• Available data:
%%
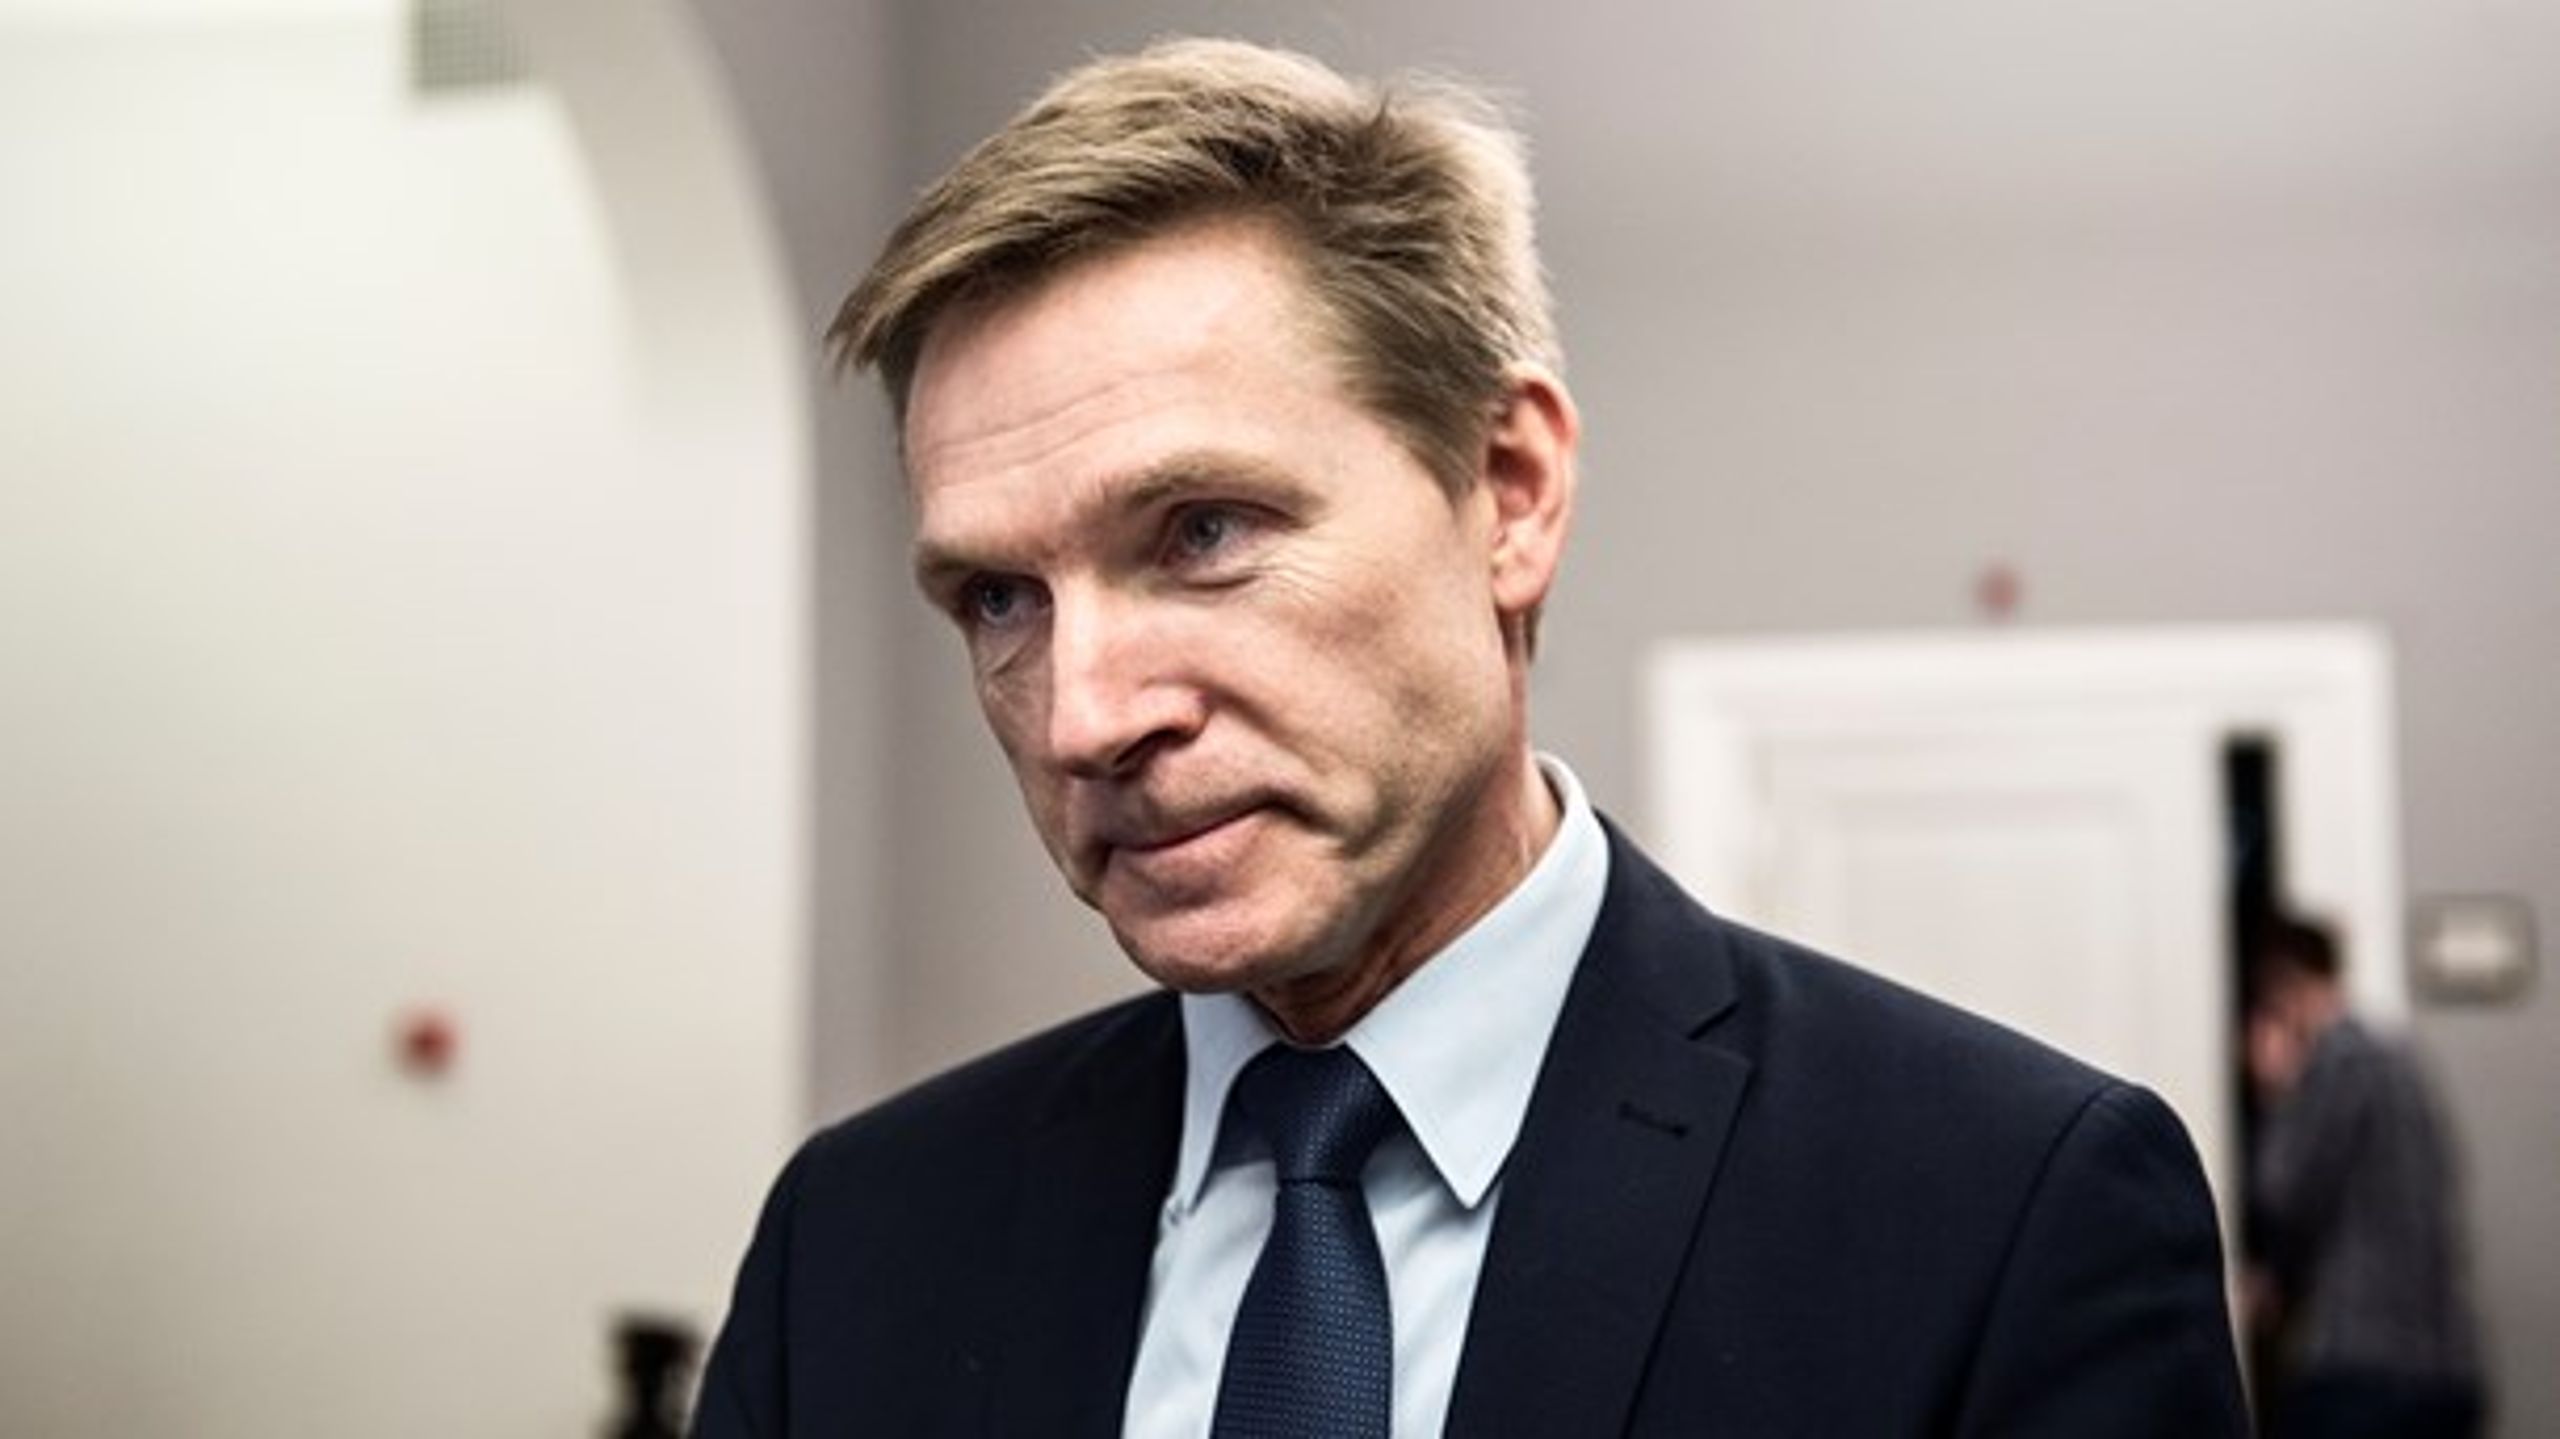 3. marts slog Dansk Folkepartis formand, Kristian Thulesen Dahl, fast,
at partiet kræver det årlige produktivitetskrav til sygehusene fjernet.
SDU-professor tror kun produktivitetskravet bliver justeret.
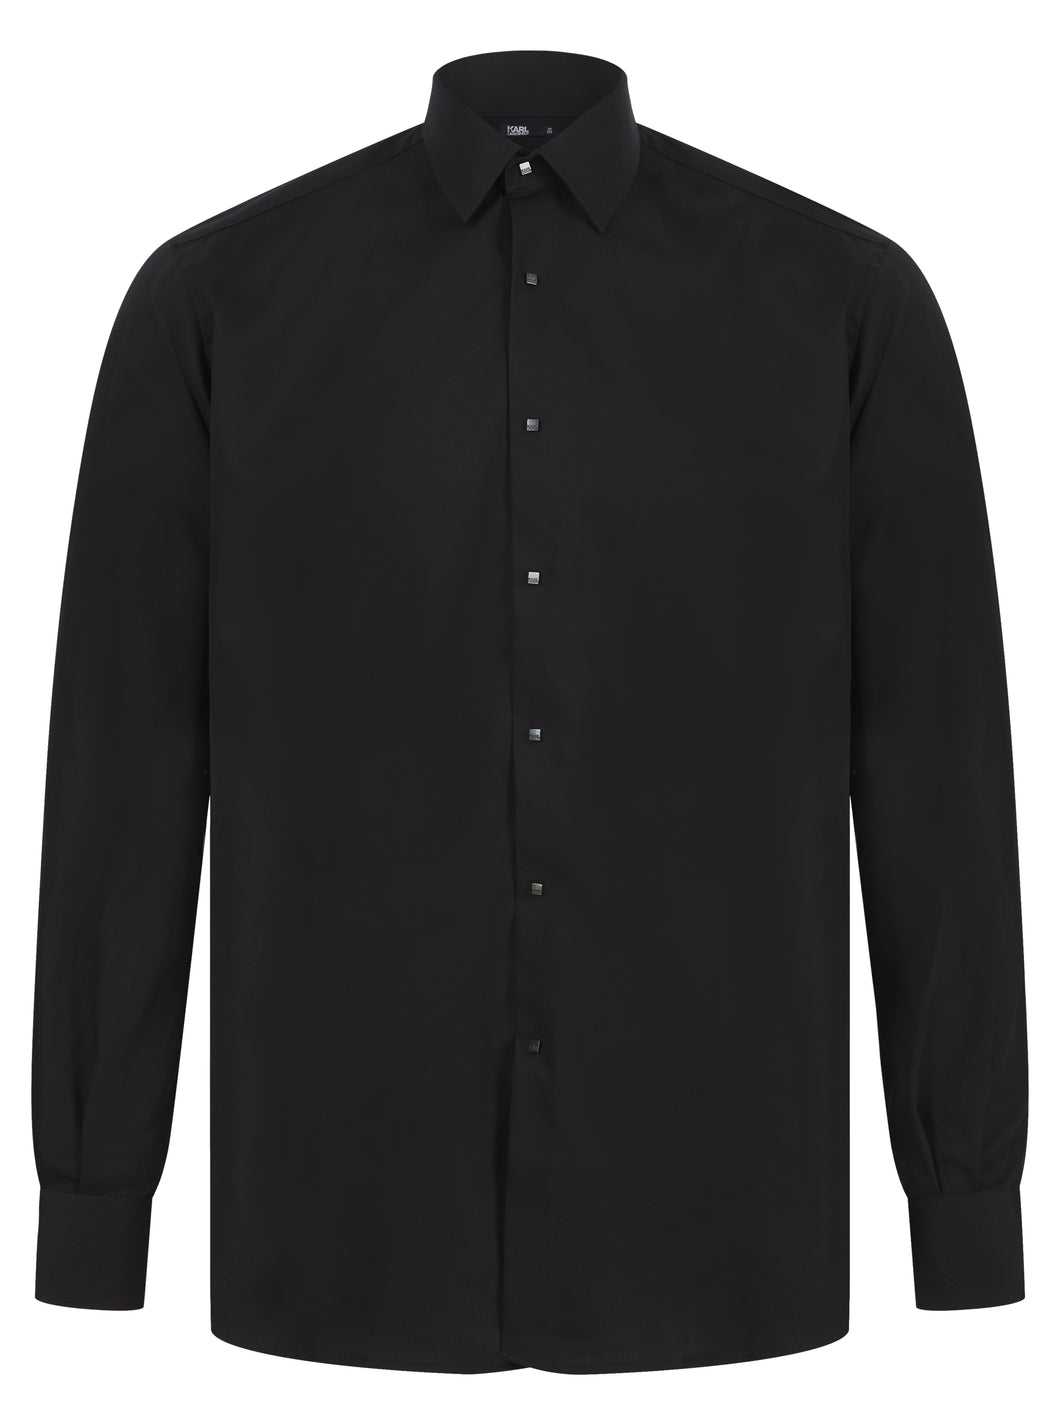 Lagerfeld L/S Press Stud Shirt Black
%%
• Try it: Write out every line of the listing exactly as written, and leave the pictures out.

• Written response:
 3. marts slog Dansk Folkepartis formand, Kristian Thulesen Dahl, fast,
at partiet kræver det årlige produktivitetskrav til sygehusene fjernet.
SDU-professor tror kun produktivitetskravet bliver justeret.
 Lagerfeld L/S Press Stud Shirt Black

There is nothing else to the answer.